◆ **Problem statement**: When you reach the line that contains "Elon Musk challenges", begin copying exactly and continue through the last line below. Do not copy pictures.

◆ **Information provided**:
__________

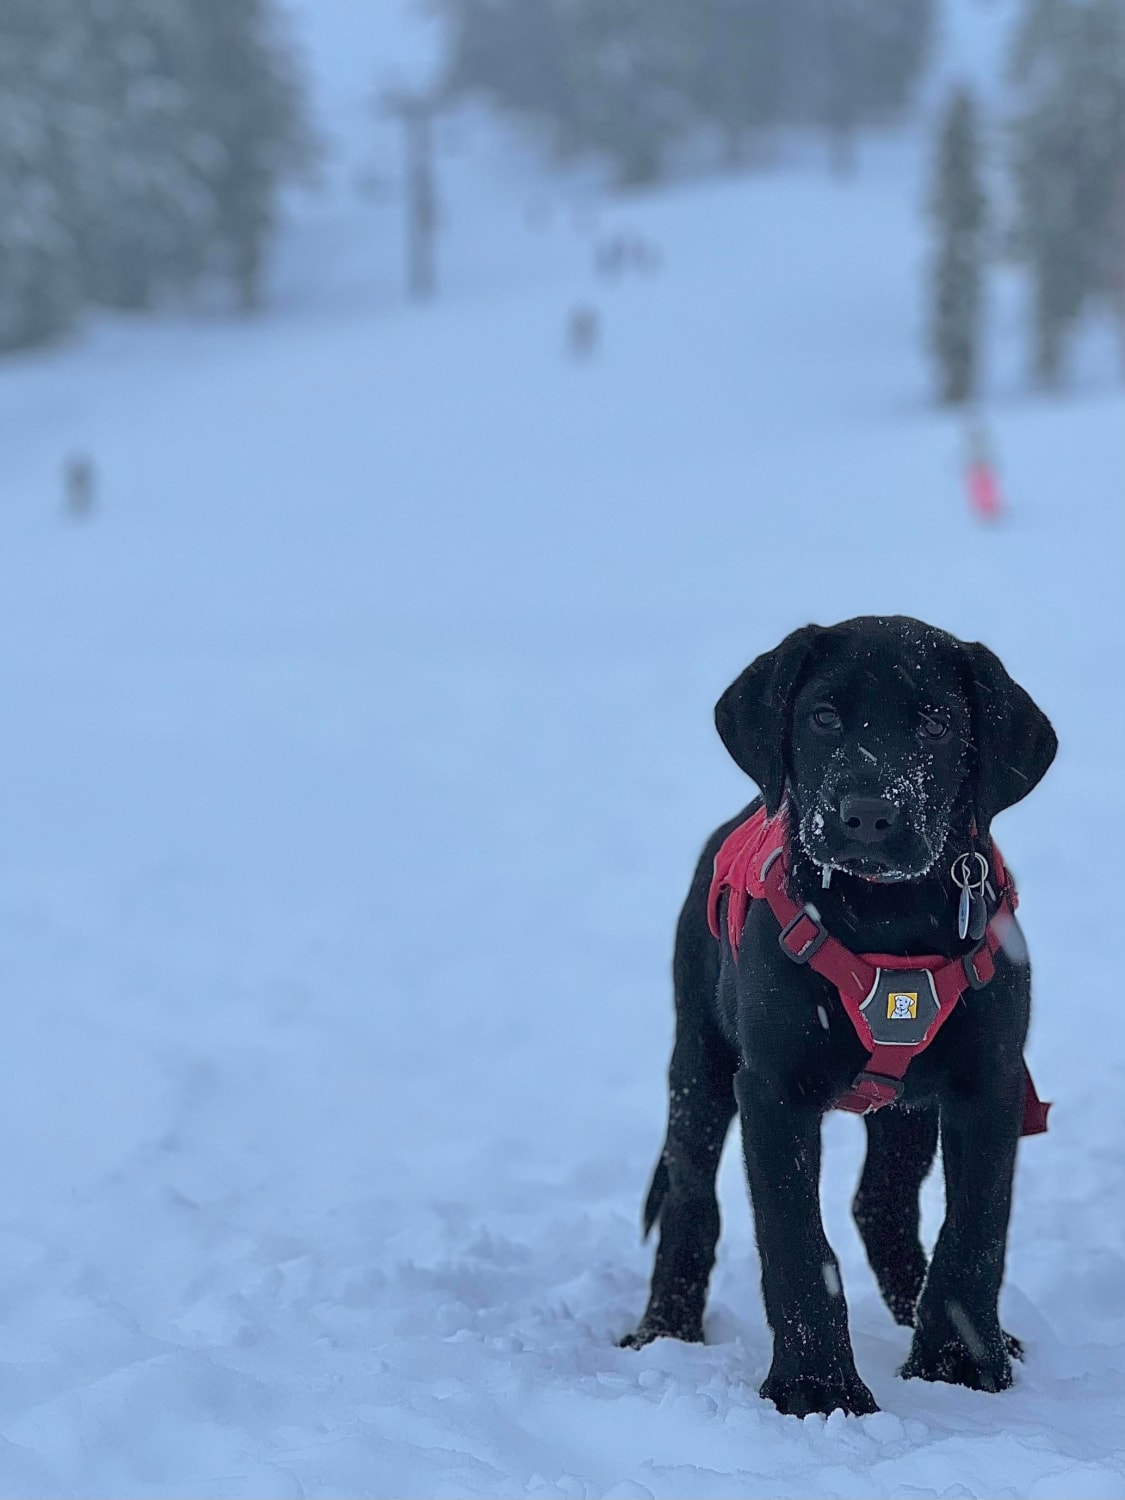 Moxie, the new avalanche puppy at Palisades Tahoe! @palisadesavalancedogs (IG)
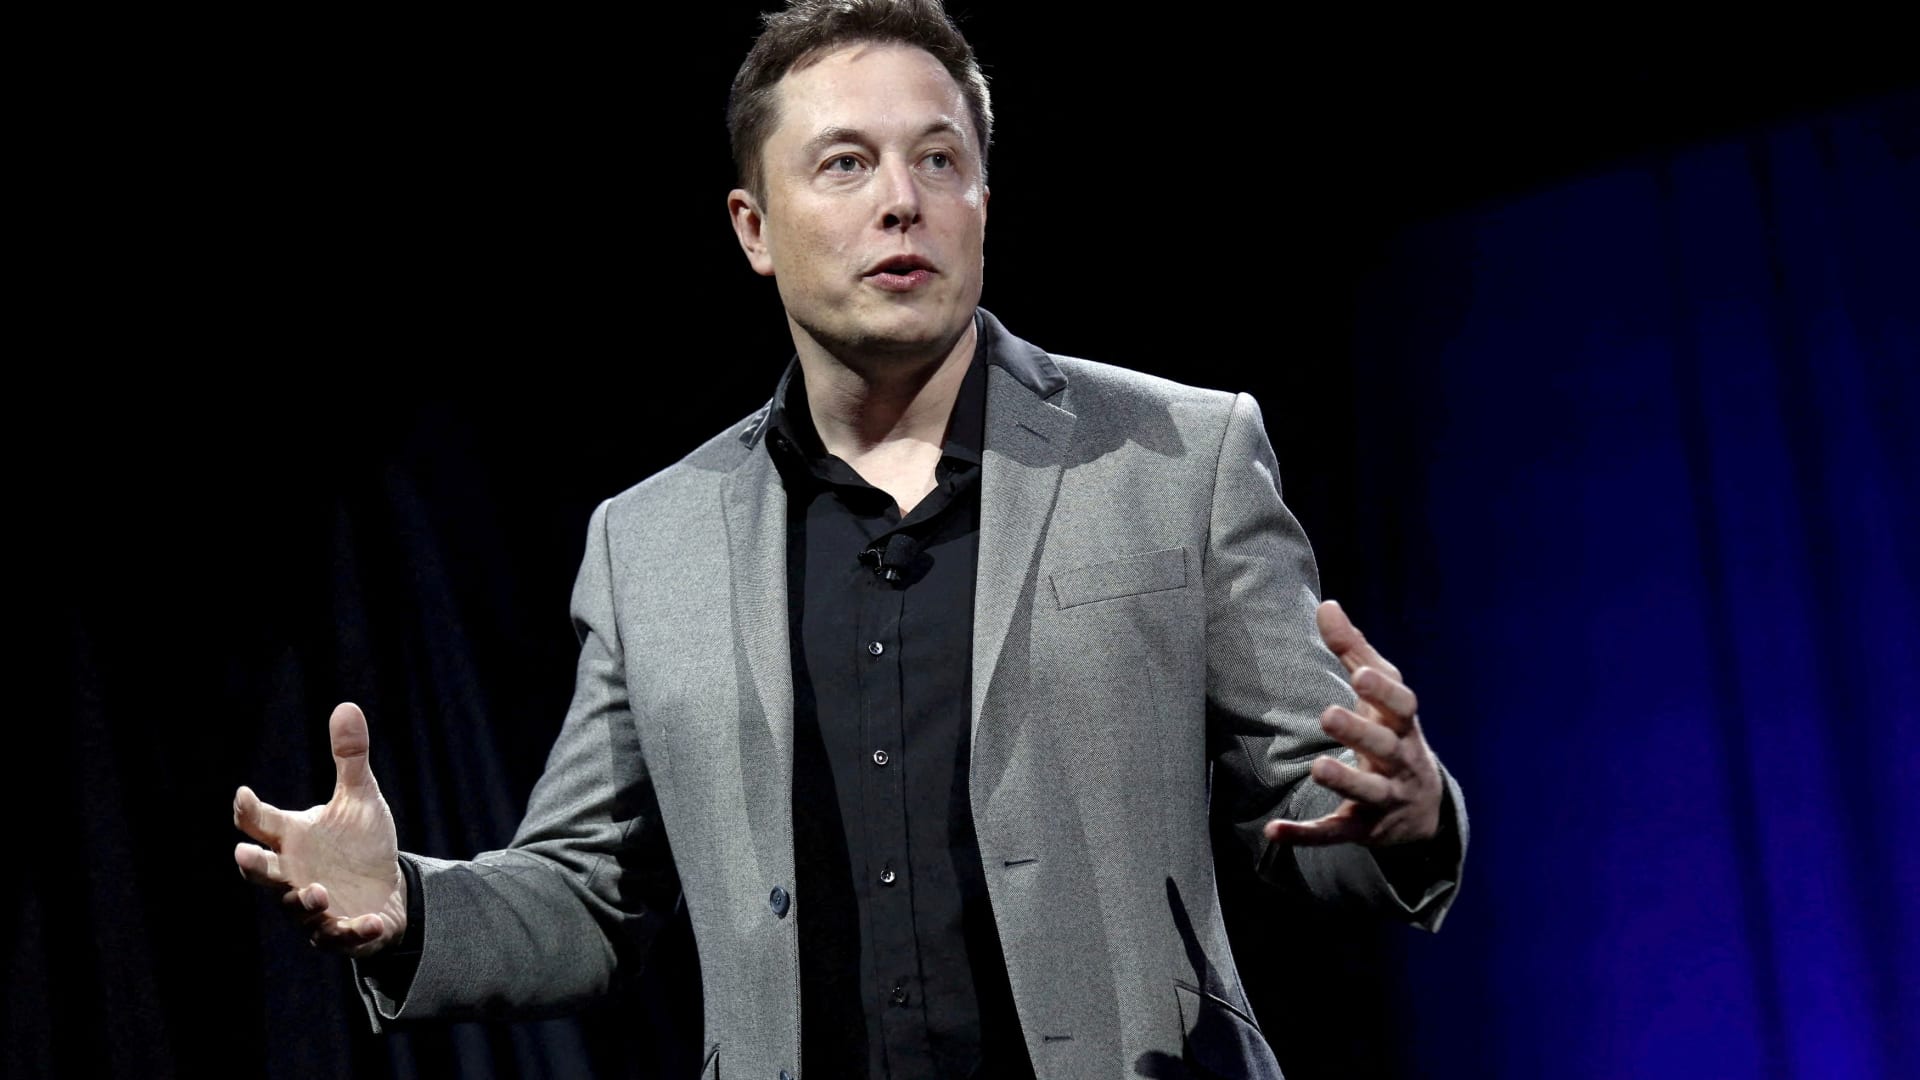 Elon Musk challenges Twitter CEO Parag Agrawal in bot debate
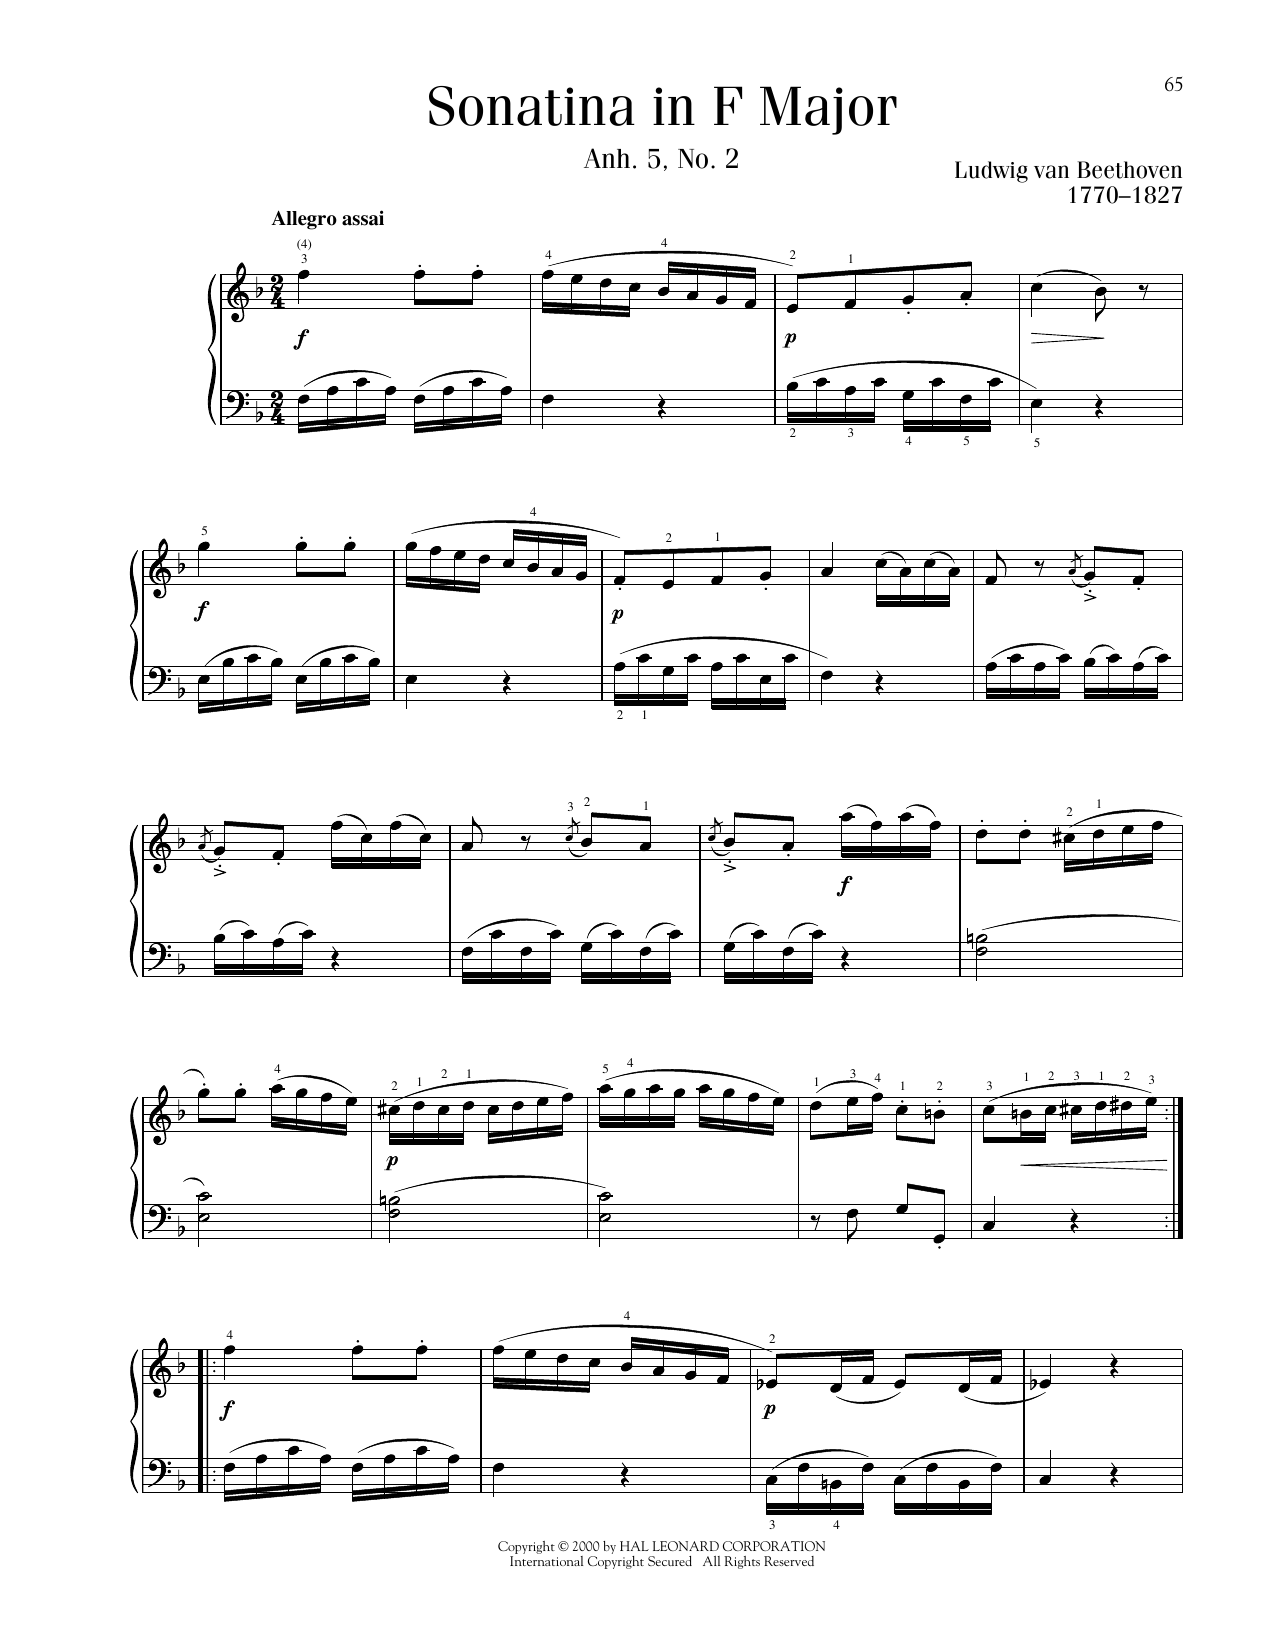 Ludwig van Beethoven Sonatina In F Major, Anh. 5, No. 2 sheet music notes printable PDF score

__________

◆ **Exercise response**:
 Elon Musk challenges Twitter CEO Parag Agrawal in bot debate
 Ludwig van Beethoven Sonatina In F Major, Anh. 5, No. 2 sheet music notes printable PDF score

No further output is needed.